The threat of another government shutdown in fiscal 2019 has come and gone, but lawmakers on both sides of the aisle aren’t giving up their push to secure a few more financial flexibilities for participants in the Thrift Savings Plan during future lapses in appropriations.
Sen. Bill Cassidy (R-La.) is the latest member of Congress to introduce legislation that would waive the typical penalty that TSP participants would usually incur if they take a hardship withdrawal before a certain age.
Cassidy’s bill essentially mimics language that the Federal Retirement Thrift Investment Board, the agency that administers the TSP, had written following 2017’s devastating hurricane season. The legislation would treat a government shutdown as a financial hardship and allow current federal employees under the age of 59-and-a-half to withdraw from their TSP accounts without incurring a 10 percent early withdrawal penalty tax.
With Cassidy’s bill, there are now five pieces of legislation that aim to accomplish this similar goal. The bills would also let TSP participants repay the hardship loans under certain deadlines and parameters.
The FRTIB is still working with congressional staffers to change the original legislative text to something the agency can implement, said Kim Weaver, director for external affairs.
Reps. Pete Olson (R-Texas), Don Beyer (D-Va.), Ed Perlmutter (D-Colo.) and Elaine Luria (D-Va.), along with Sens. Tim Kaine (D-Va.), Ron Wyden (D-Ore.), Patty Murray (D-Wash.) and Susan Collins (R-Maine), were among the members who had originally introduced or co-sponsored one of these bills.
“The bills are going to be amended as they move forward,” Weaver said at the board’s monthly meeting Monday. “I’m told by staff on both sides that they intend to get this type of legislation in permanent law. If there’s another government shutdown come Oct. 1, which would be the next opportunity, [we don’t want] this scramble we experienced in January.”
From Weaver’s perspective, there’s bipartisan, bicameral support for some sort of legislation in this Congress regardless of the timing of the next government shutdown, though she said it’s unclear which bill would be the most likely to move forward.
Meanwhile, the FRTIB is still noticing the impact of the 35-day government shutdown in other ways.
The FRTIB saw a 25 percent jump in hardship withdrawals in January. New loan requests, however, at this point are stable.
The agency also saw a lower than usual increase in participation to the Federal Employee Retirement System (FERS) last month. The FERS participation rates went up just less than 1 percent in January, meaning that 90.3 percent of FERS employees deferred money to the Thrift Savings Plan that month.
“We’re attributing that to the furlough,” Tee Ramos, FRTIB’s director of participant service, said. “There are several organizations where we derive our numbers, and there were several organizations that didn’t have payroll for that month.”
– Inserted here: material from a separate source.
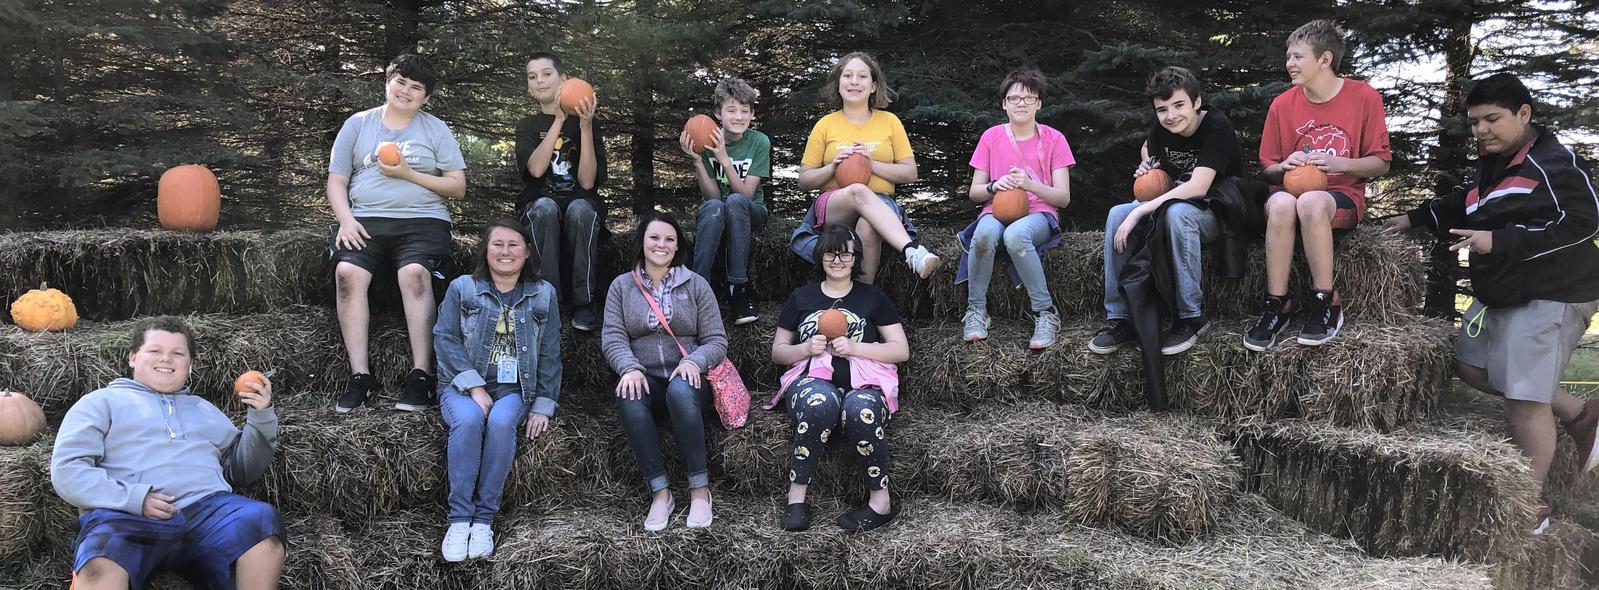 Mrs. Danielson's class at the pumpkin patch

Auditor finds TSP cybersecurity lacking
The TSP is still struggling with its cybersecurity posture and hasn’t fully developed and implemented an effective information security program, according to the most recent results of an independent Federal Information Security Modernization Act (FISMA) audit.
The FRTIB has been struggling to meet FISMA requirements since at least fiscal 2016, when the agency conducted its first-ever such audit. The agency suffered a cyber breach back in 2012, when hackers accessed personal information for 123,000 TSP participants through one of its contractors.
Using the FISMA maturity model, an independent auditor considered three out of eight domains as “defined.” The remaining five are still considered “ad-hoc,” meaning most FRTIB security policies and procedures aren’t formalized and still reactive in nature.
The FRTIB doesn’t have an inspector general and uses an independent consultant, Williams Adley in this case, to review the agency’s compliance.
Data protection and privacy, identity and access management and configuration management were among the three domains that moved up a notch on the FISMA model rating this past year, according to the Williams Adley audit.
“Many initiatives were in place during the year, but by the time our assessment had concluded, those initiatives were either not completed or they had just recently been completed and we weren’t able to assess the level of completion,” the auditors said at Monday’s board meeting.
Both the agency and the auditors were relatively confident the FRTIB’s cyber posture would, in fact, continue to improve in the coming years. The agency has had one permanent chief technology officer (CTO) on board for nearly a full year now, who’s leading the FRTIB’s FISMA response strategy.
The agency also found a deputy CTO and formed an enterprise risk management steering committee, which has a direct reporting line to FRTIB management and the executive director.
Williams Adley told the board it sees signs that more secure leadership, along with the FRTIB’s improvement strategy, demonstrate that the agency is thinking about cybersecurity in a different way.
Patrick Bevill, the FRTIB’s relatively new chief information security officer, said the agency would segment “cure activities” into 90-day, six month and one-year blocks for the eight FISMA domains. The goal is to bring all domains to the “consistently implemented” level by at least 2020.